Using the Heart Attack Risk Factors Dataset sourced from Kaggle, I aimed to uncover meaningful insights through data analysis, feature engineering, and statistical testing. The final outcome is an interactive dashboard that provides a holistic view of heart attack risks and treatment effectiveness.

Project Workflow

1. Data Acquisition

The journey began with sourcing the dataset from Kaggle. The dataset, titled "Heart Attack Risk Factors Dataset," includes a variety of attributes related to patient demographics, medical history, and lifestyle factors. The goal was to use this data to identify critical risk factors for heart attacks and to visualize these insights in a user-friendly format.

2. Data Inspection

Before diving into analysis, I conducted a thorough inspection of the dataset to ensure its quality. This step was crucial to identify any issues such as missing values, duplicates, outliers, and inconsistencies in data types.

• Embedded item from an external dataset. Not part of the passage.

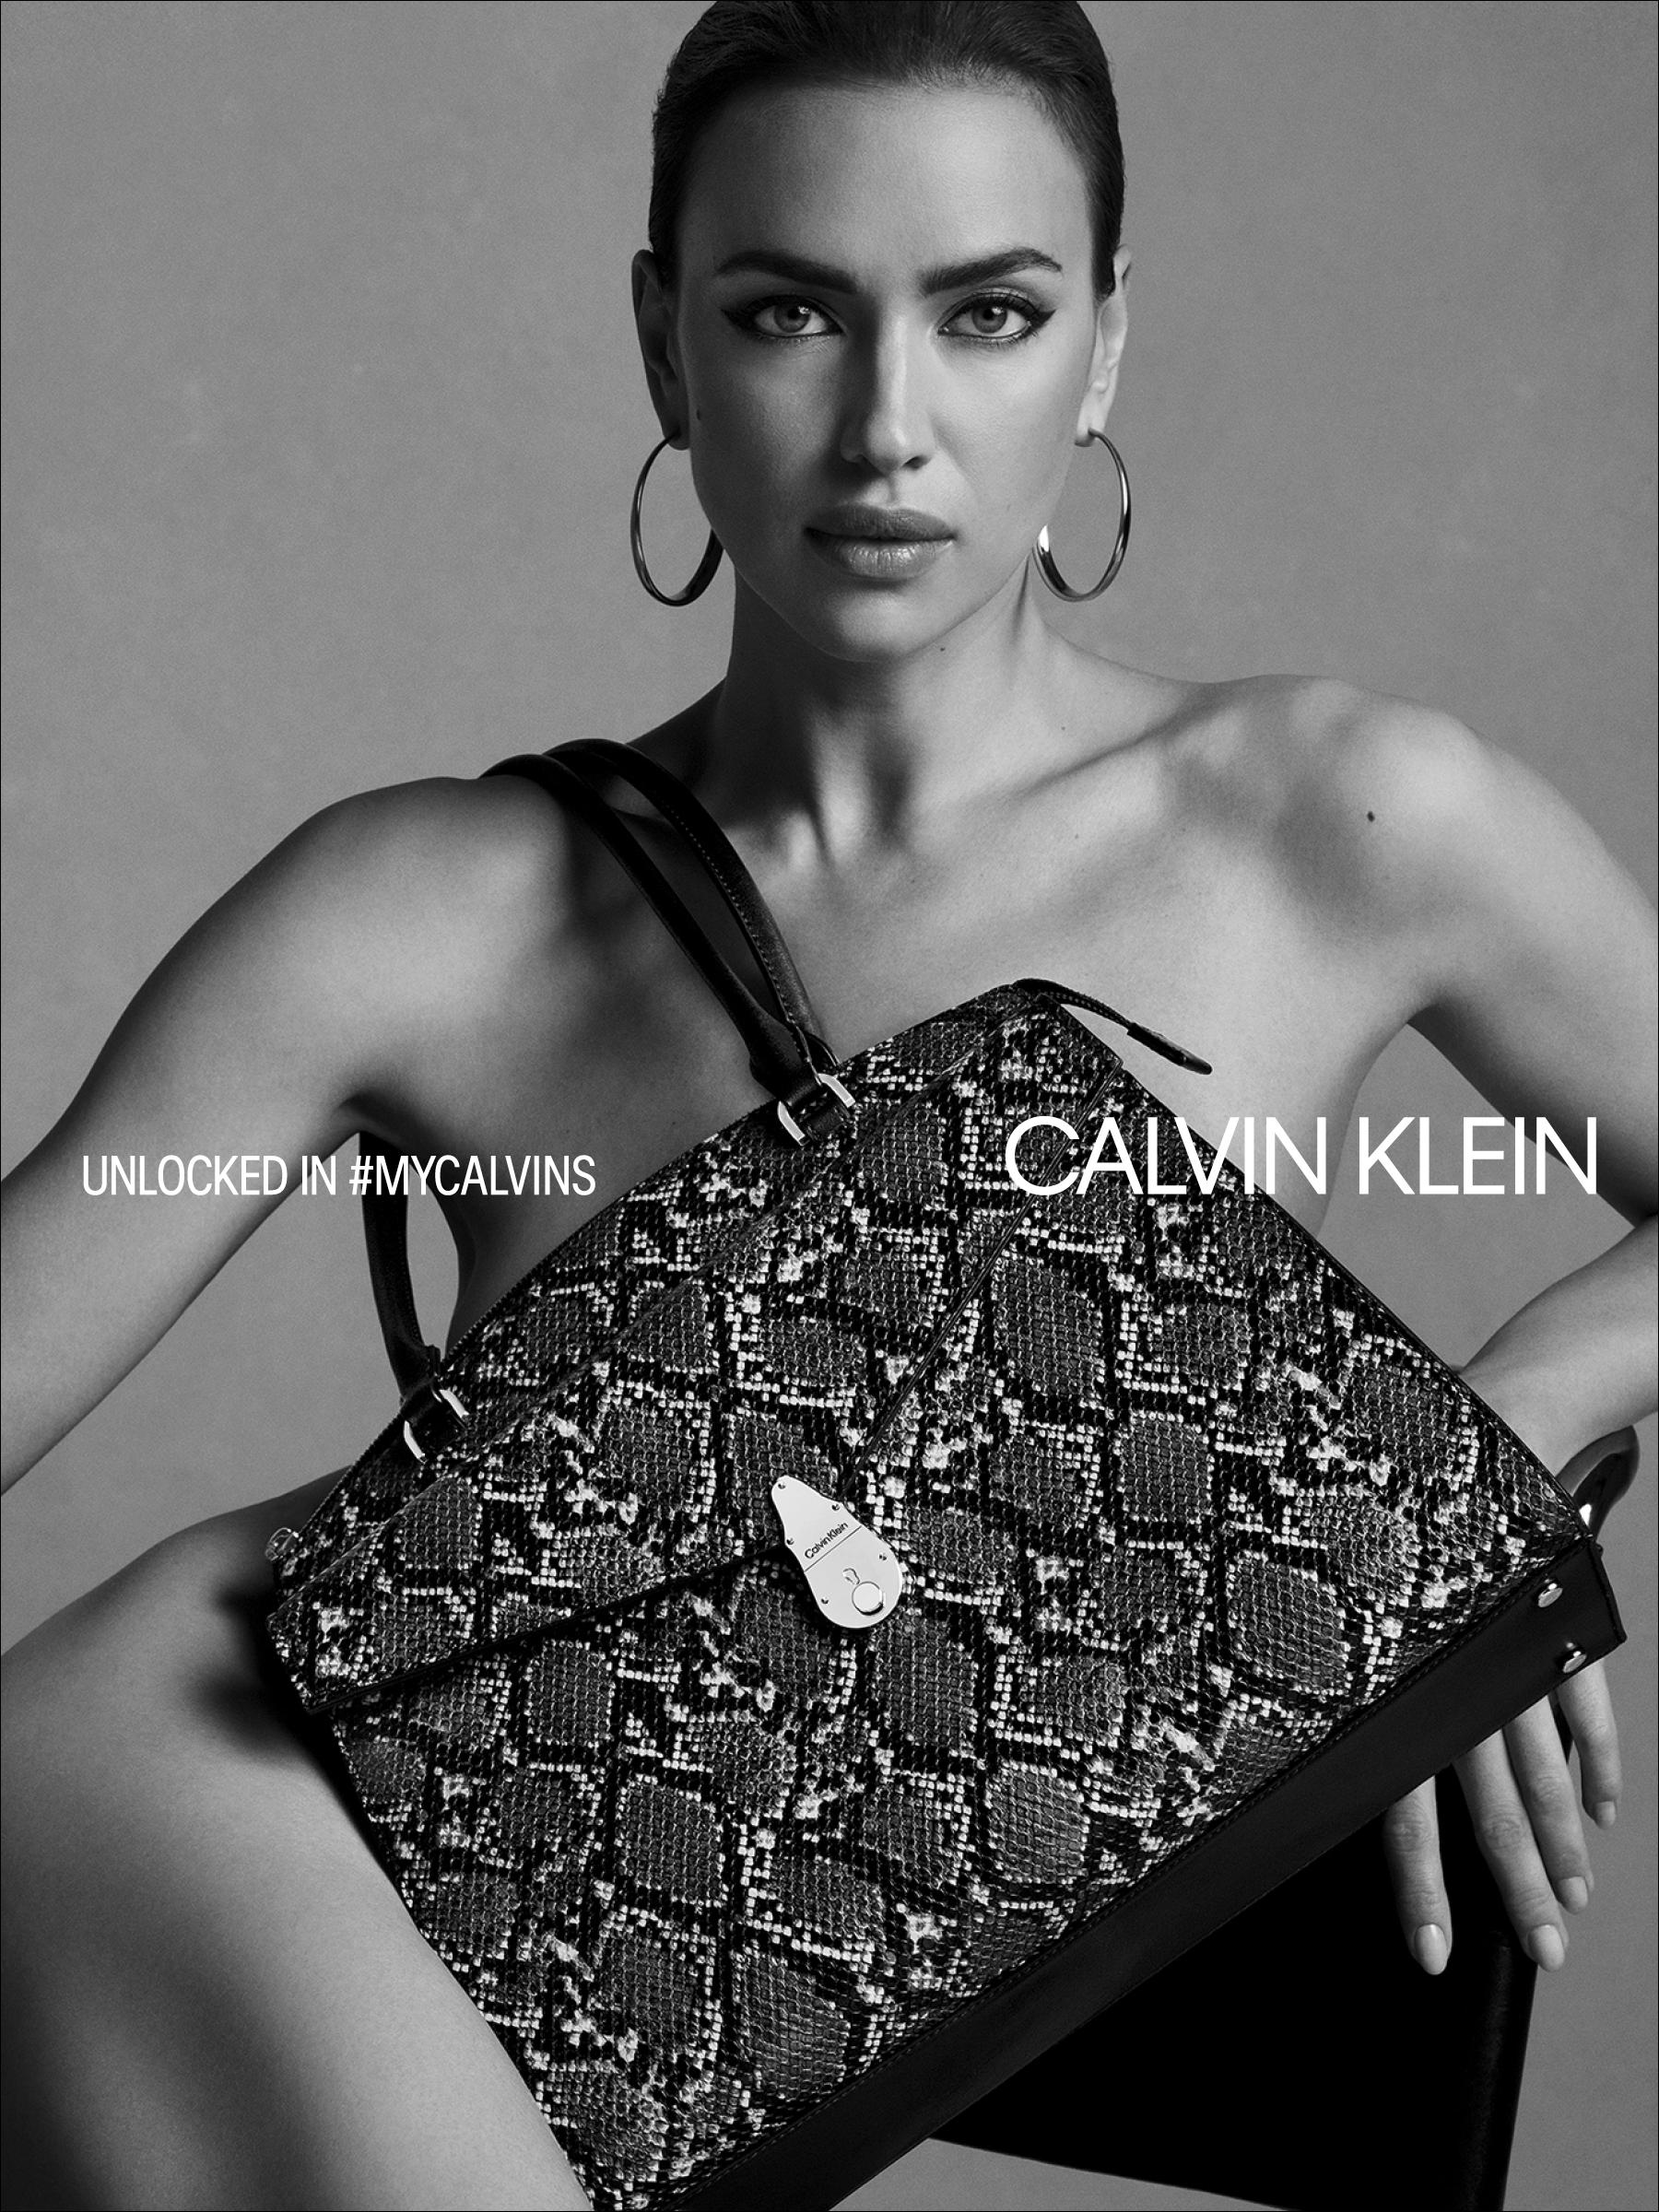 Calvin Klein Fall 2019 Handbag Ad Campaign by Inez and Vinoodh

Here’s the code snippet used for the inspection:

import pandas as pd

# Load the dataset
file_path = '../Data/heart_attack_dataset.csv'
df = pd.read_csv(file_path)

# Summary of the dataset
print("Summary of the dataset:")
print(df.info())
print("\n")

# Check for missing values
print("Missing values in each column:")
print(df.isnull().sum())
print("\n")

# Check for duplicates
print("Number of duplicate rows in the dataset:")
print(df.duplicated().sum())
print("\n")

# Check for invalid or outlier values (e.g., negative ages, extremely high/low blood pressure)
print("Summary statistics for numerical columns:")
print(df.describe())
print("\n")

# Check for any unexpected values in categorical columns
print("Unique values in categorical columns:")
categorical_columns = ['Gender', 'Smoking Status', 'Chest Pain Type', 'Treatment']
for col in categorical_columns:
    print(f"\n{col}:")
    print(df[col].unique())

# Check for any inconsistent data types
print("\nData types of each column:")
print(df.dtypes)
print("\n")

During this step, I confirmed that the dataset was clean with no major issues. However, there were opportunities for enhancing the data through feature engineering.

3. Feature Engineering

To enrich the dataset and make the analysis more insightful, I introduced several new features. These features were designed to capture more nuanced aspects of heart health, such as categorizing patients into age groups, calculating risk scores, and determining the necessity for lifestyle modifications.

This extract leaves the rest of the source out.